▶ **Task objective**: Exclude the pictures. Transcribe exactly, and only, the lines from the one holding "A woman scratching" to the end of the material below.

▶ **Information shown**:
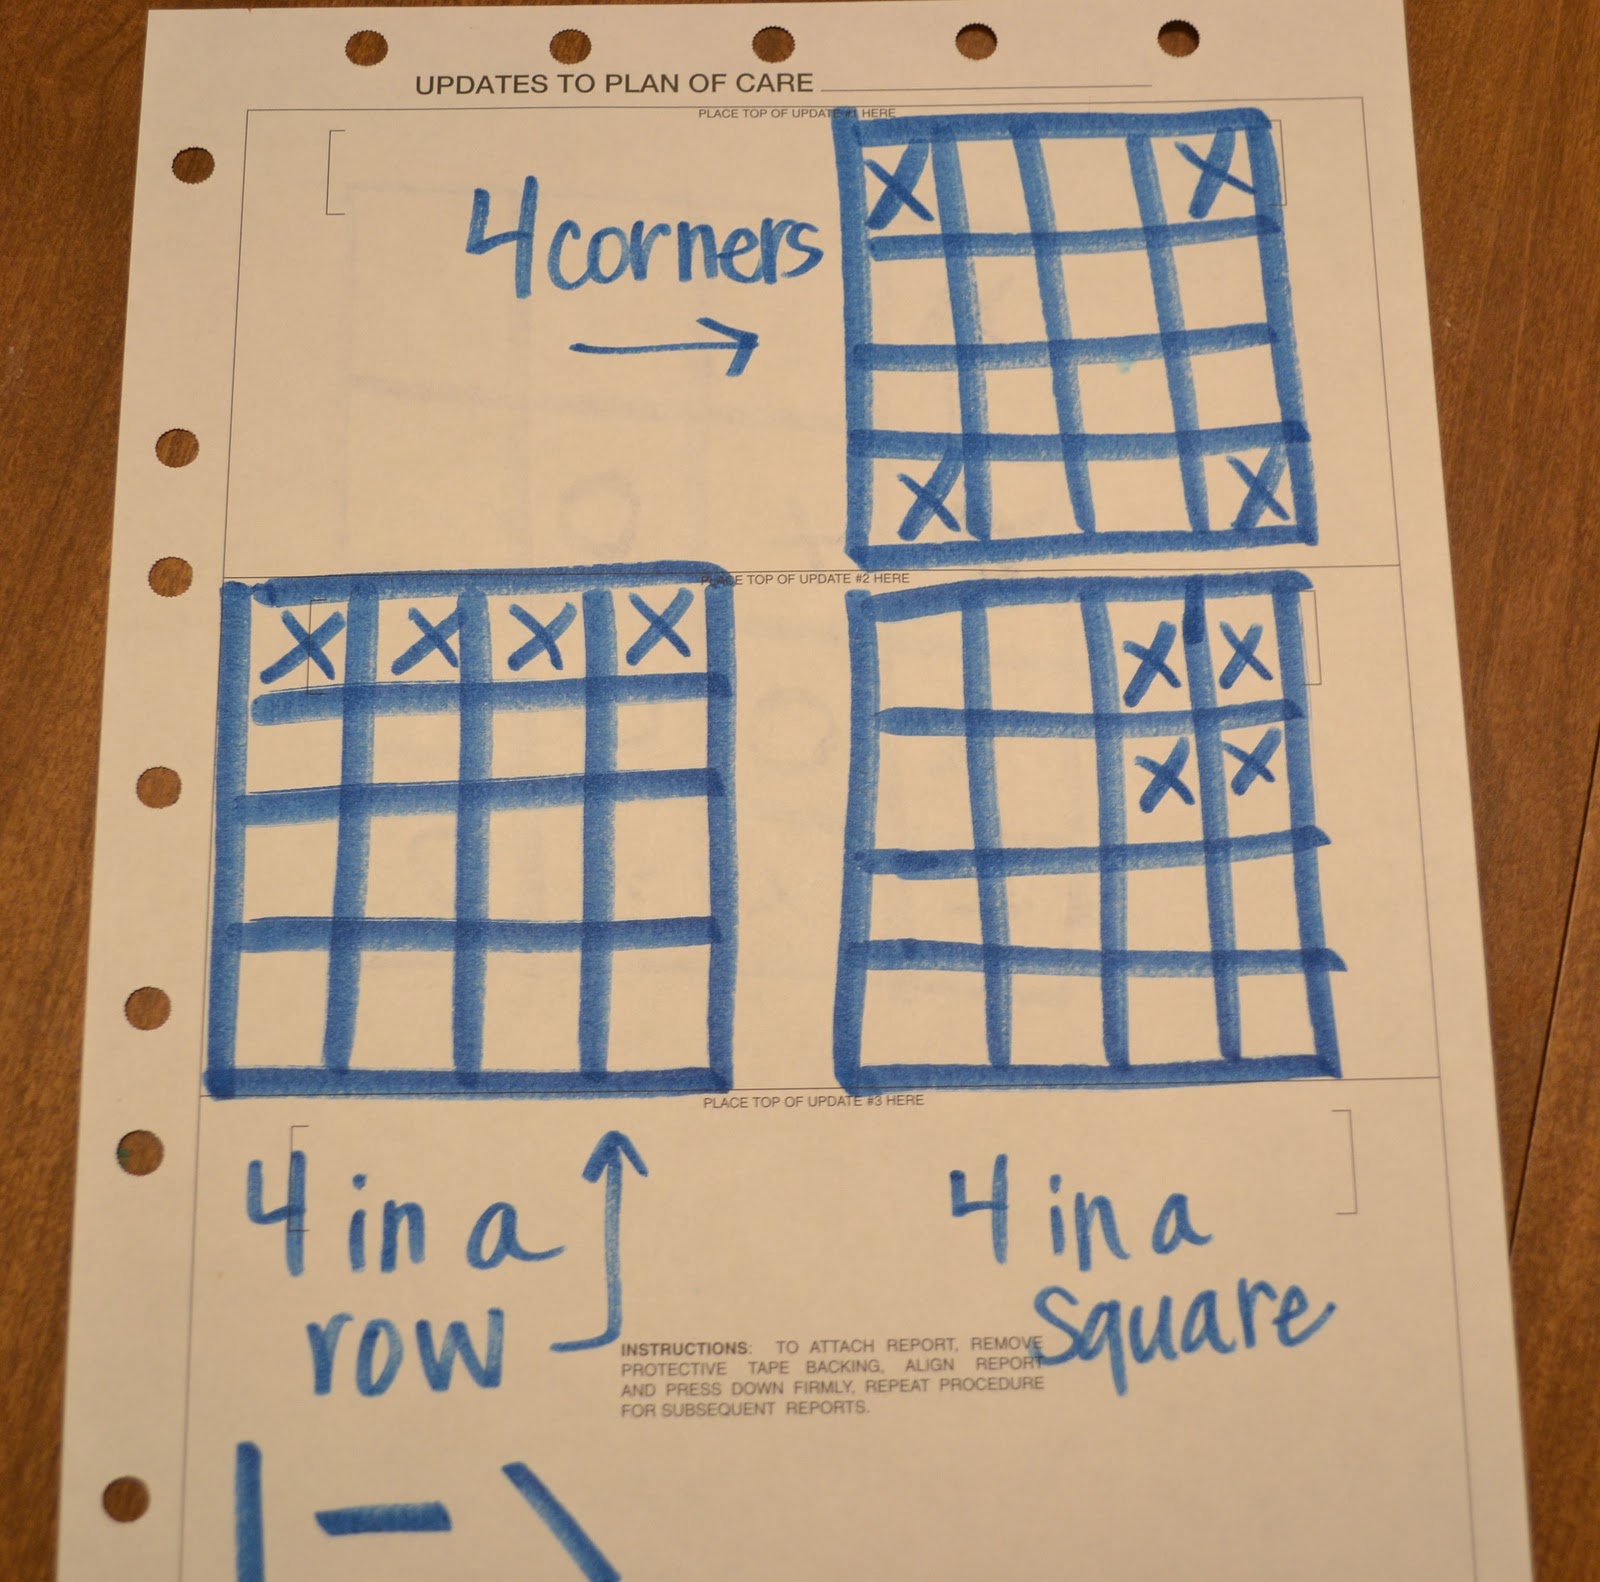 From The Hive: 4 square tic tac toe
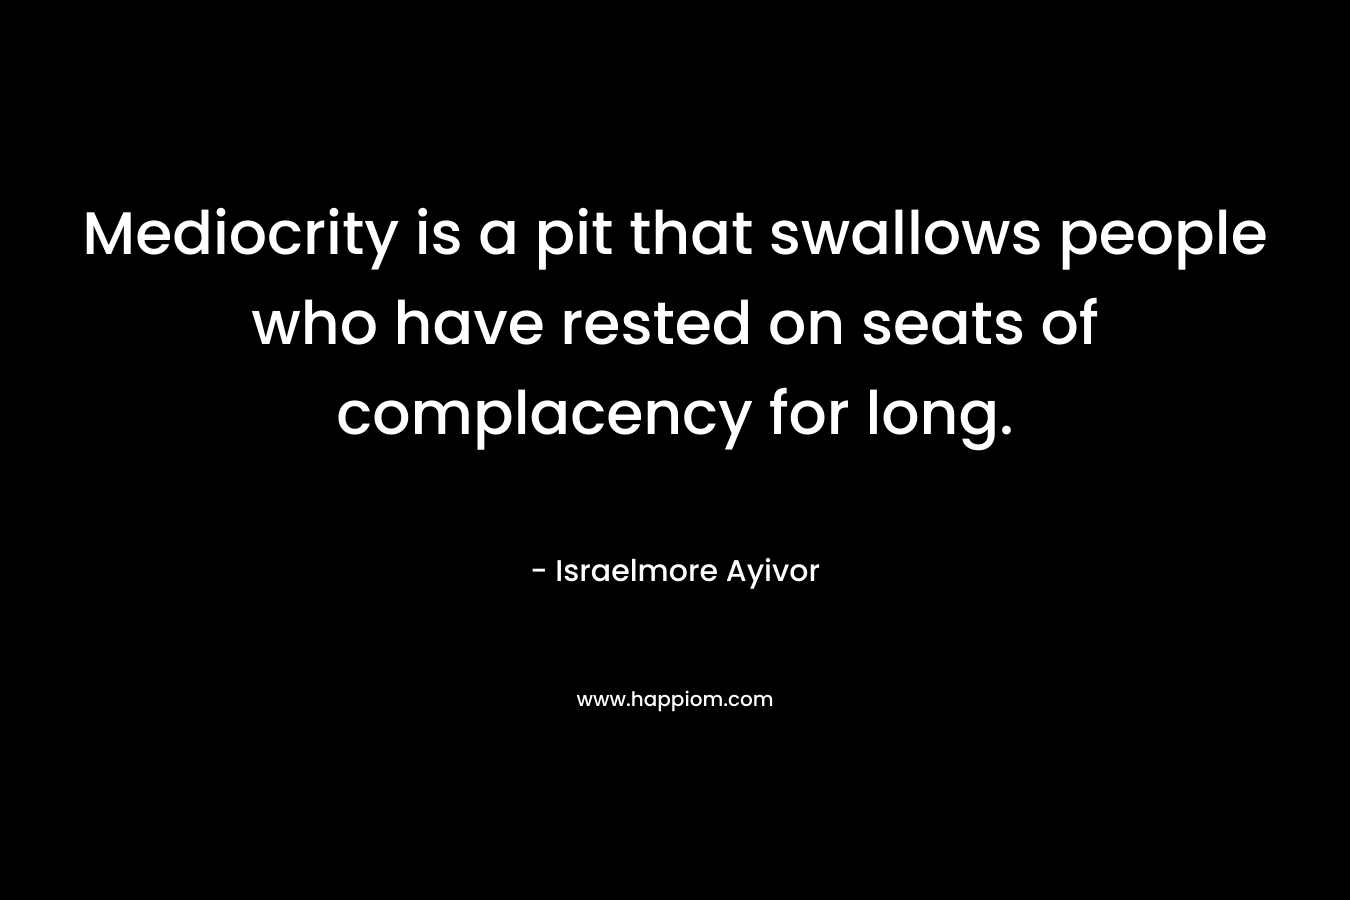 Mediocrity is a pit that swallows people who have rested on seats of complacency for long. – Israelmore Ayivor
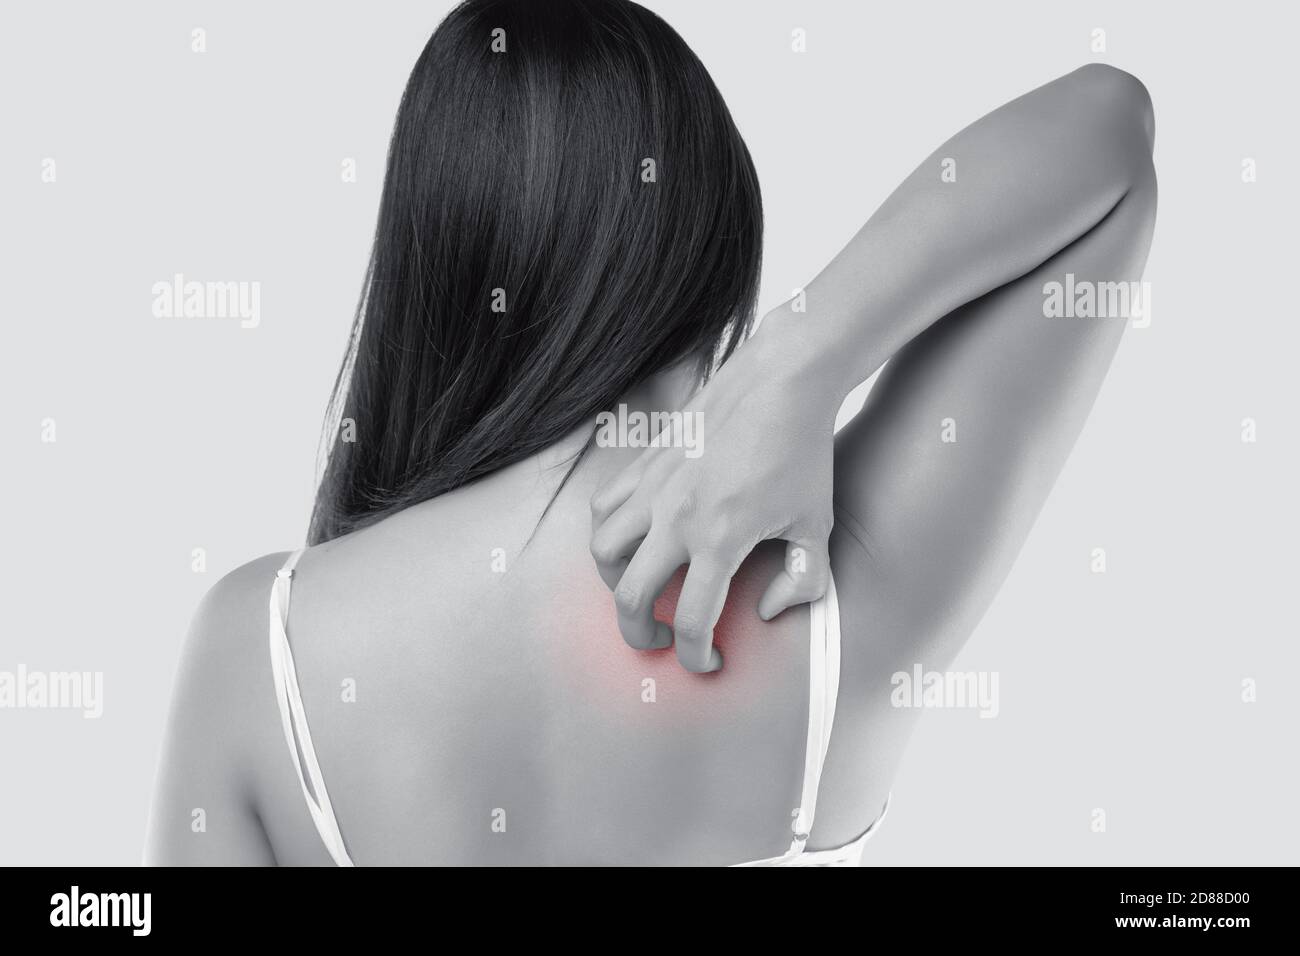 A woman scratching their back due to itching. Female with sensitive skin on a gray background. The concept of allergy symptoms and healthcare. Stock Photo
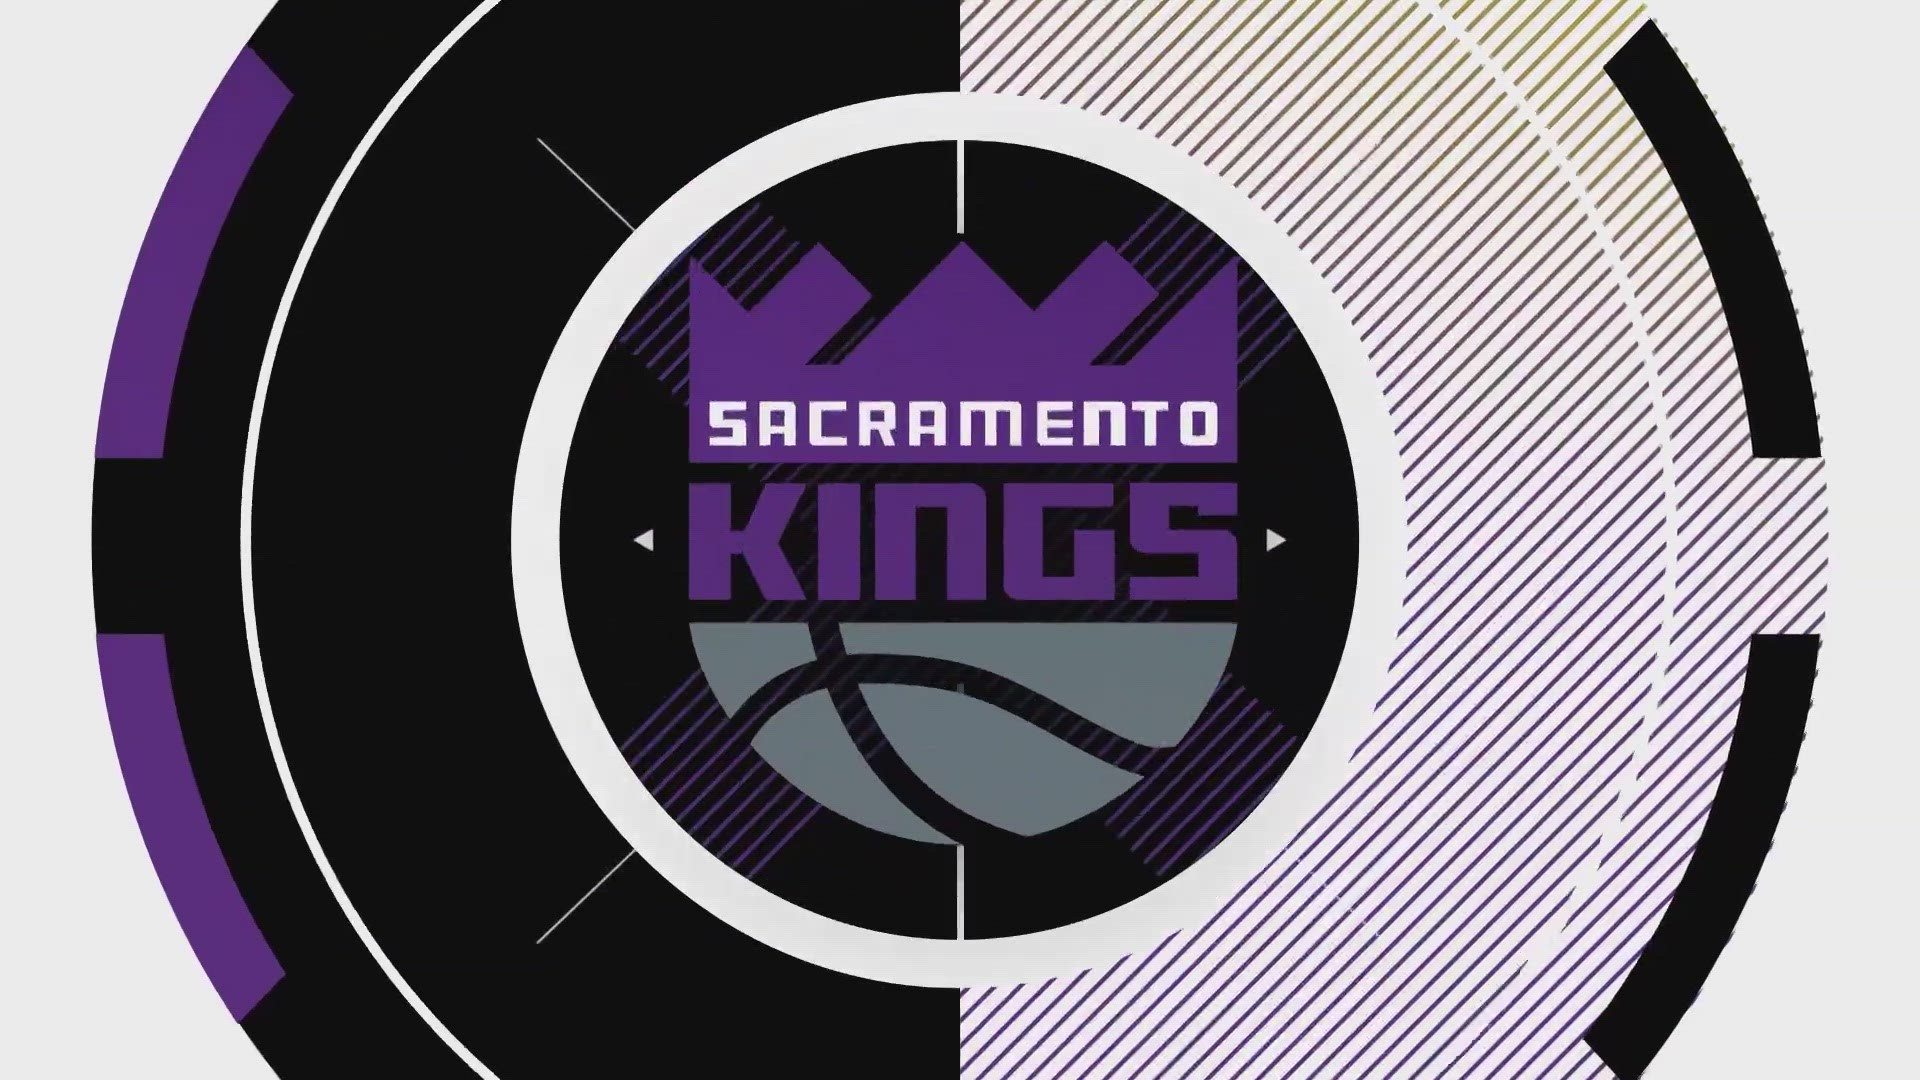 The Sacramento Kings are on the verge of NBA history. A loss by the Timberwolves against the Warriors clinches a playoff berth for Sacramento.

▶ **Result**:
 A woman scratching their back due to itching. Female with sensitive skin on a gray background. The concept of allergy symptoms and healthcare. Stock Photo
 The Sacramento Kings are on the verge of NBA history. A loss by the Timberwolves against the Warriors clinches a playoff berth for Sacramento.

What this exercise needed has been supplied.